Whatever! This genie is out of the bottle and it isn’t going back in!

The real question for technologists is: How the heck do we respond? A bad response is to simply ignore this sharp trend, disappear on our clients while we run our increasingly backend systems, and avoid engaging our clients. Introversion won’t help build the ‘IT value proposition’! An even worse response is to try to fight the trend. And by the way, our trying to pretend we can outperform vendors with our homegrown solutions will be seen for the desperate attempt it is – unless of course there's no other authentic way to achieve client needs or … we’re really, really talented.

I will argue that technologists have an important role to play today -- but one requiring our radical adaptation. Here are some options for consideration, which describe the nature of the adaptation I believe is required. Idealistic? Practical? Wrong-headed? Spot on? You be the judge.

Be helpful. Try becoming very active in helping your business units realize their possibilities as wisely as possible. Lend an active hand in tangible, hands-on ways, such as helping your business units identify vendor options and arranging vendor visits and presentations. Help them establish new system requirements that lead to wiser selections. Help by stitching together incoming technologies with existing ones into a patchwork technological quilt that can benefit many units across your institution. Help by supporting their funding proposals.

Be a low cost option. Support campus units with as many services as you can for free or at least very low cost, in the better interest of your institution. Do this by giving up unnecessary tasks and diverting your staff to active business unit engagement. As you facilitate the absorption of technology by your institution you will play a more valuable institutional role than if you try to hold on and control the empire you’ve built. One of the great paradoxes is that one’s power increases as one enables others to be powerful.

Walk the talk. Require IT staff to give up landlines for smart phones. Buy the phones and pay for the data plans. The trade-off: They’re available 7x24. Insist they download apps and learn to speak the language and mirror the practices of end users.

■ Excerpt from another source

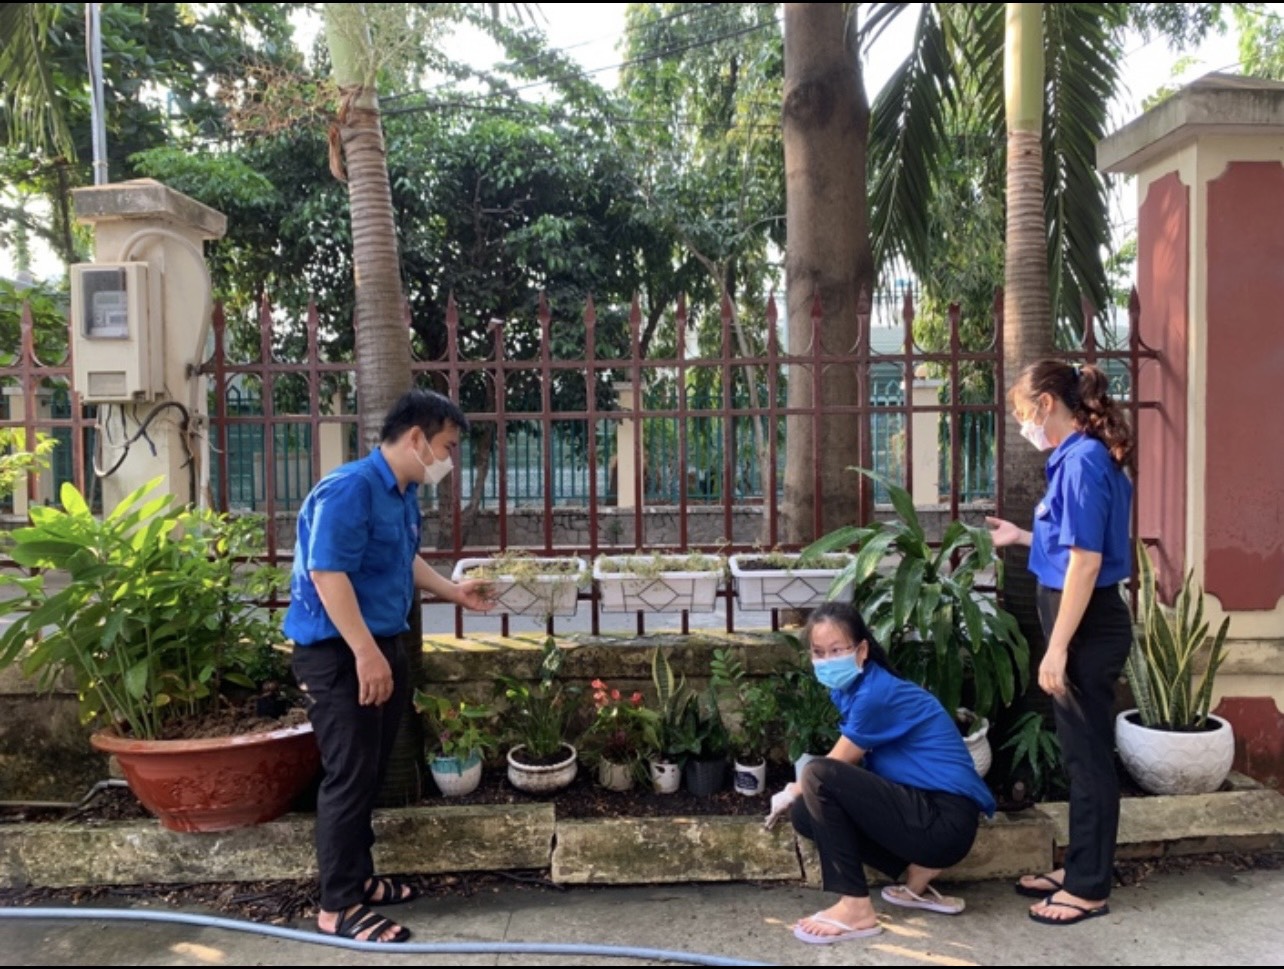 Chi đoàn Chi cục thi hành án dân sự quận Bình Thạnh trồng cây Kỷ niệm 132 năm ngày sinh Chủ tịch Hồ Chí Minh 19/5/1890-19/5/2022.

Become a facilitator. Our identity has long been based on our perception that we do things: develop, install, license, operate, upgrade, ….  A new possibility is to do less and facilitate more. For example, you can facilitate the uptake of technologies within business units and assist them in their technological maturation without doing a lot. This may require that we acquire new skill sets that we might not have. To be of value in the emerging world (read: to have a job) we’ll have to acquire / develop facilitation skills – please read my forthcoming ECAR Bulletin on that.

Be agile of mind, light of step. In an age when the technology will change before your carefully written strategic ink is dry, the last thing your institution needs from you is another exhaustive study of technological options. A great example is mobile technology. I am perplexed as I frequently read of the ‘need for an institutional mobile strategy’ and of consulting firms’ claims that they can help you build yours. The truth is we all have very limited experience in mobile technology to begin with! But what is our knee-jerk reaction to new things? Let’s study them! We can be so hopelessly … academic. Meanwhile, new technologies gush forth from the wellspring every day. And what’s more, these new technologies, particularly mobile, require active learning through rapid prototyping, experimenting, changing, and yes, failing. We can be so … serious. Let’s have a little fun again! We can be agile of mind, light of step, and strategic all at once!

Give success away. Our potential is fulfilled as we look outside ourselves, check our egos, facilitate the resourcefulness in others, and learn how to make them shine. As a species of tool builders, our human potential is helped along as we realize the vast possibilities for using technology to remake society. We don’t, we can’t, have all the answers ourselves. But as we learn to give each other an assist, the light of others’ successes will also shine on us.

How is the mobile-aware, consumer mindset affecting you, your staff, and the role of IT at your institution?